According to court documents, Rep. Ilhan Omar allegedly had an affair with a married DC consultant. The wife of Omar’s alleged lover made the claims in divorce filings, insisting that her marriage was ultimately destroyed by the tryst between the congresswoman and her husband. Previous reports claimed that Omar “dumped” her own husband earlier in the summer.
Conventional modern wisdom would tell us that the only newsworthy and relevant aspect of this salacious story is the possible abuse of campaign funds, as reported by the Washington Examiner:
Omar’s alleged paramour, Tim Mynett, has been a fundraising consultant for Omar’s 2018 and 2020 campaigns…

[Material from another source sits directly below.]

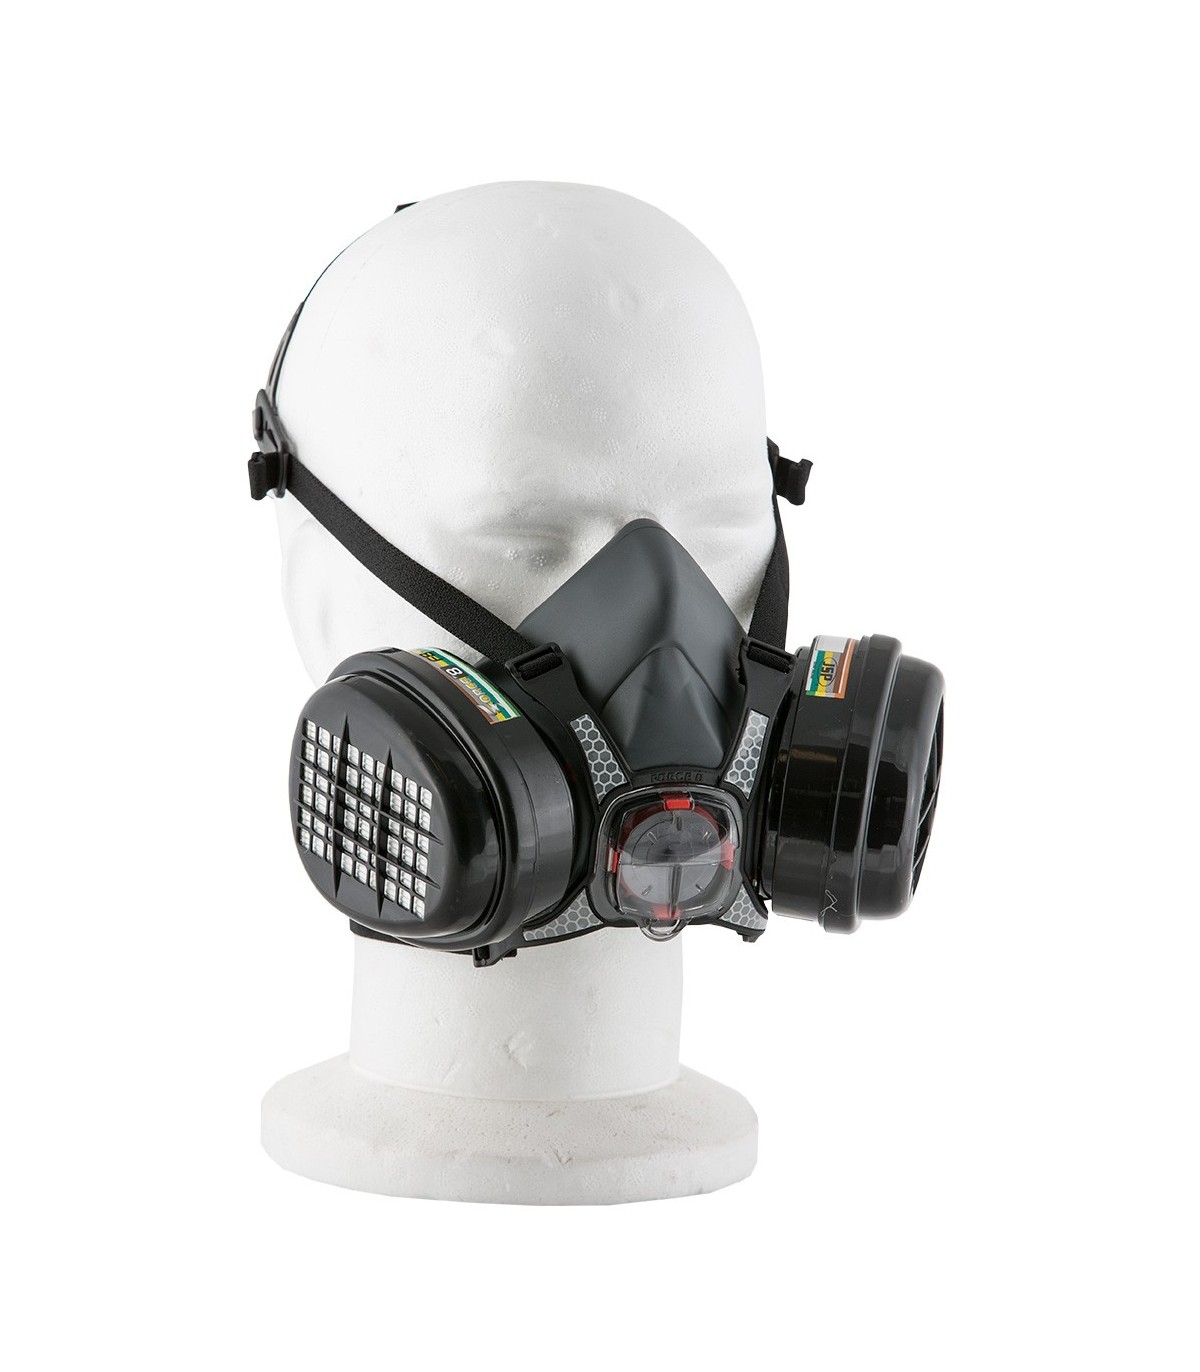 Masque respiratoire avec filtres ABEK1P3R Force 8 taille M cartouches

…Of the $145,406 reported earnings by the E Street Group during the 2018 campaign cycle, $62,674 came from Omar’s campaign. Not counting payroll taxes and transfers to Minnesota’s Democratic Party, E Street Group was Omar’s second-largest vendor, according to FEC data. From Labor Day through the end of the year, E Street Group ate up more than 10% of her campaign’s spending (not counting transfers to other campaigns).
It would certainly be a significant scandal, and probably a criminal offense, if Omar was funneling money to her married boyfriend. But I disagree with the increasingly popular notion that these sorts of things are only a public concern when they involve actual crimes. It may not be illegal for a woman to be a lying, backstabbing home wrecker (allegedly!), but that doesn’t make the matter wholly irrelevant to the public. While Omar’s constituents have no reason to feel personally betrayed by their representative’s supposed marital indiscretions, they do have cause for worry.
We elect politicians based on the promises they make to us. They tell us they are going to do certain things — enact certain policies, support certain initiatives, etc. — and we vote for them because we want those things to be accomplished and we believe they might accomplish them. Unless we are very naive, we know that they are probably bluffing to some extent. But if they earn our vote, it’s because we are relatively confident in their follow through, which means we are relatively confident in their trustworthiness. Why shouldn’t an affair factor into that calculation?
Adultery is not a matter of mere sexual immorality. It shows that the adulterer is willing to break the most important promise they made to the most important person in their life. If they are willing to break that promise made to that person, why would they hesitate to break less important promises to less important people? A man doesn’t necessarily beat his dog just because he beats his children, but would you hire him as a dog-sitter?
An adulterer is, by definition, a cheater and a liar. I do not see how cheating and lying can been regarded as immaterial concerns. A cheater and liar may still be a capable leader — history provides many such examples — but their capable leadership will be in spite of the cheating and lying. A raging alcoholic may also be a fine leader, yet that vice must be taken into consideration before assigning the person to a position of significant leadership.
Character matters in our leaders. It must, because we elect them based on it, even if we claim otherwise. In the end, we cast our vote for a person if we are confident that we can trust them. A propensity for telling very big lies and breaking very important promises would seem to put a dent in that confidence. Of course, this principle must apply across the board. If adultery is a relevant factor for Democrats, it must be for Republicans and vice versa. No matter the letter next to a politician’s name, if they are willing to betray their own families, it is no great leap to betray the faceless voter.